> REQUIRED ACTION: Return the data below unaltered, but strip out the pictures.
----- INFORMATION SUPPLIED
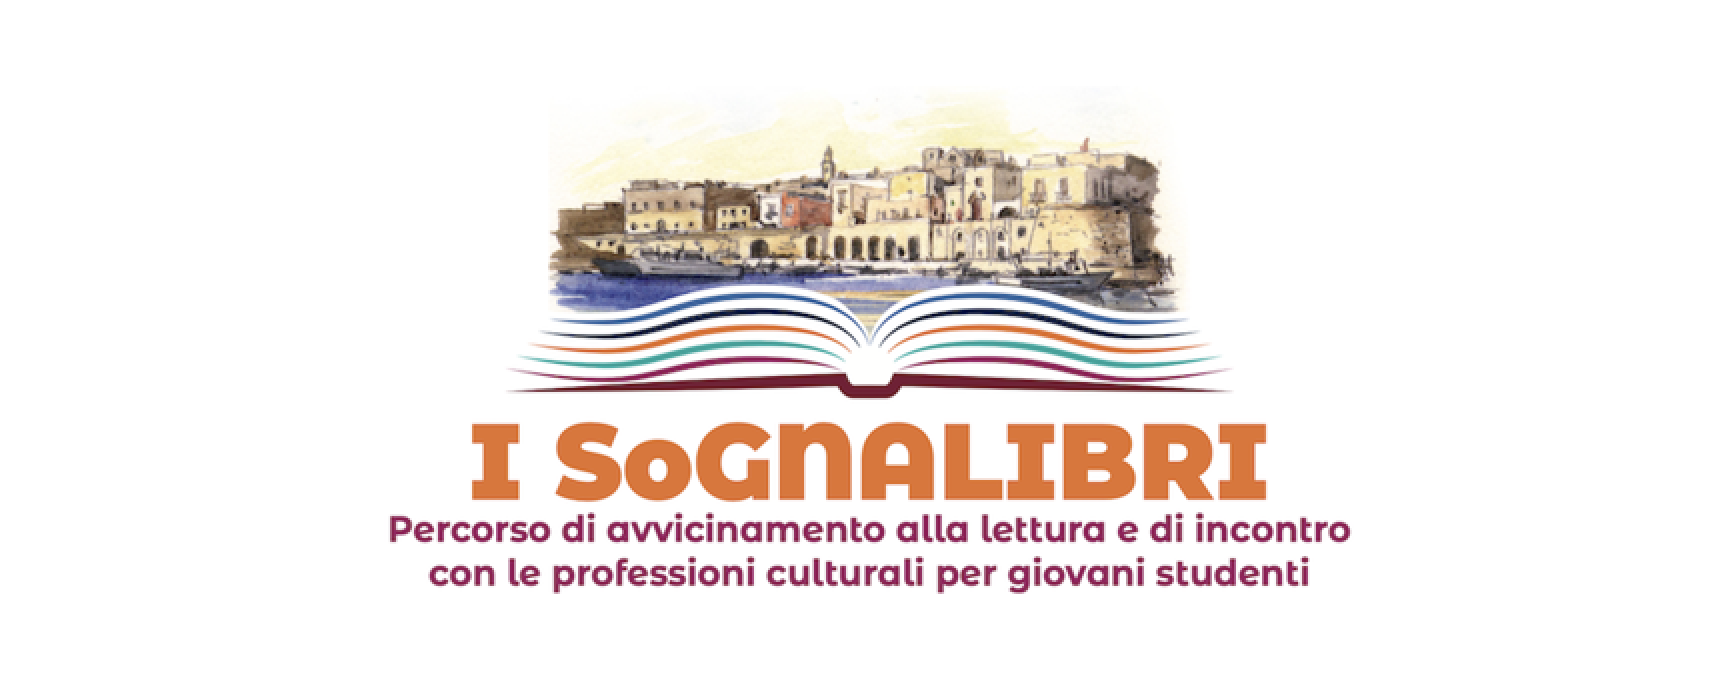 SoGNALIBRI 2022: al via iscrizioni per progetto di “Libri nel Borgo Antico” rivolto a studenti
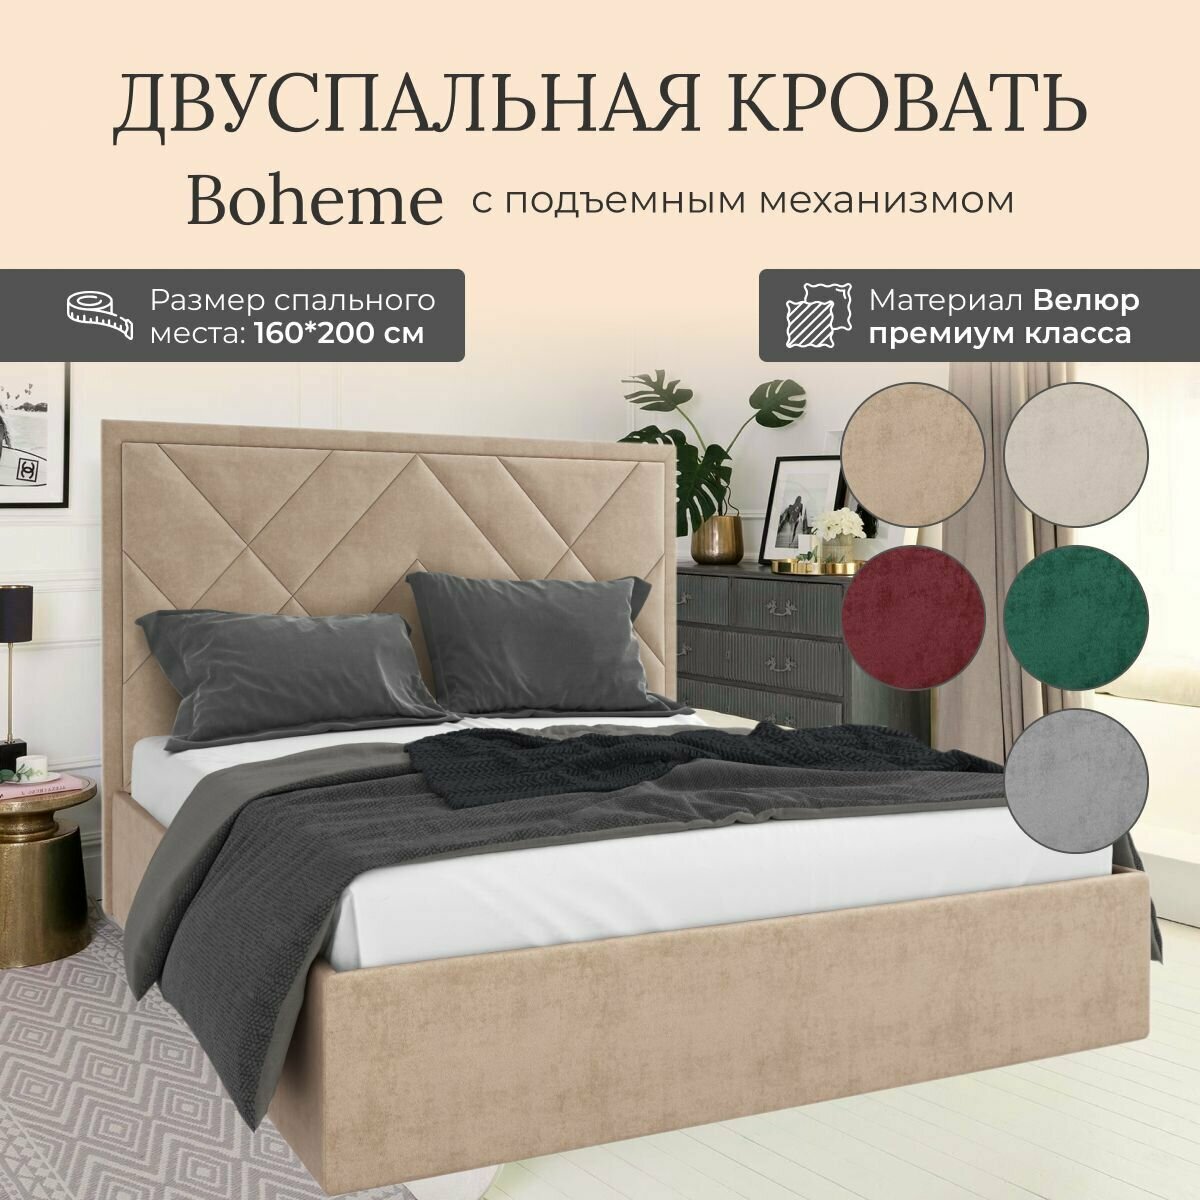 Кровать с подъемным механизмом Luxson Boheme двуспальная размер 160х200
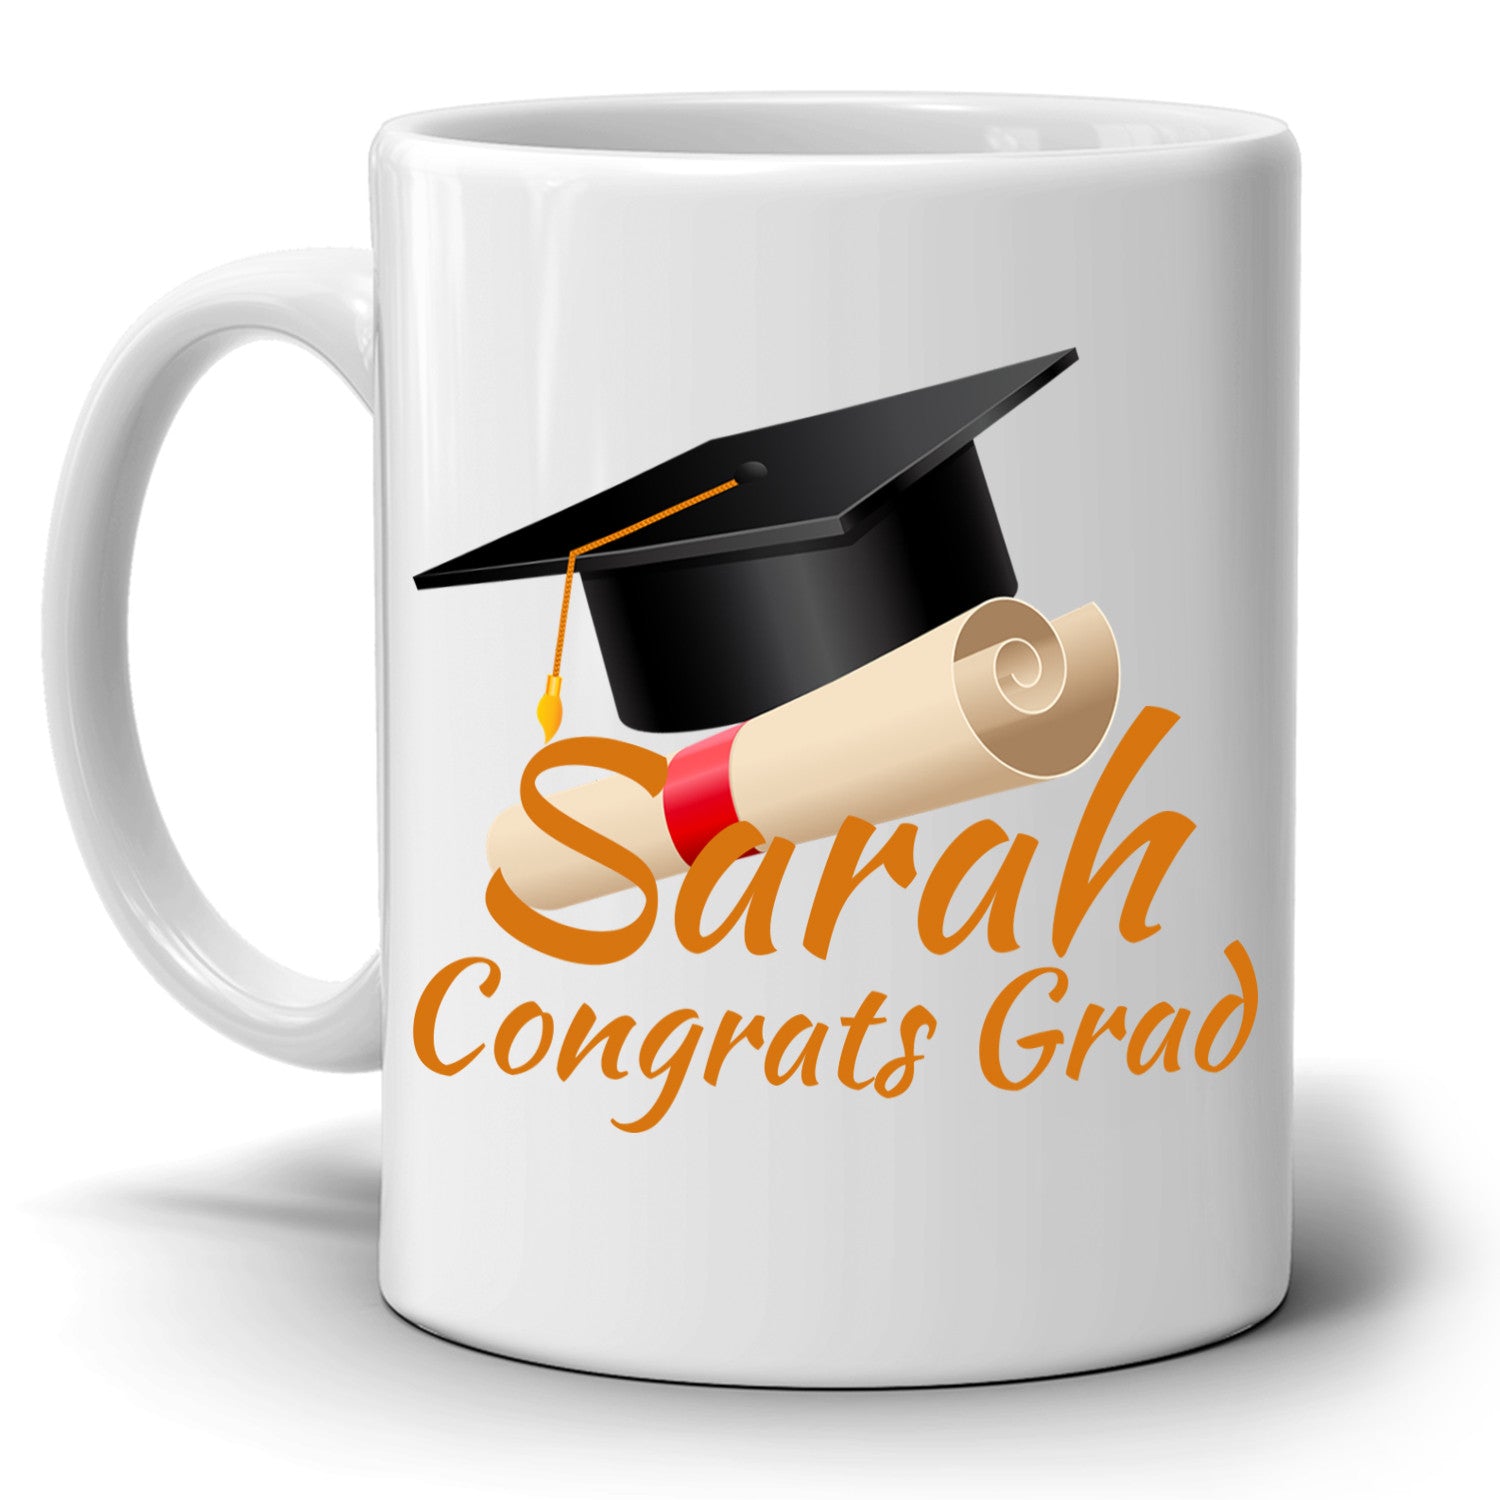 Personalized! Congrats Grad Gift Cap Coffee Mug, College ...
----------
> SOLUTION TO THIS EXERCISE:
 SoGNALIBRI 2022: al via iscrizioni per progetto di “Libri nel Borgo Antico” rivolto a studenti
 Кровать с подъемным механизмом Luxson Boheme двуспальная размер 160х200
 Personalized! Congrats Grad Gift Cap Coffee Mug, College ...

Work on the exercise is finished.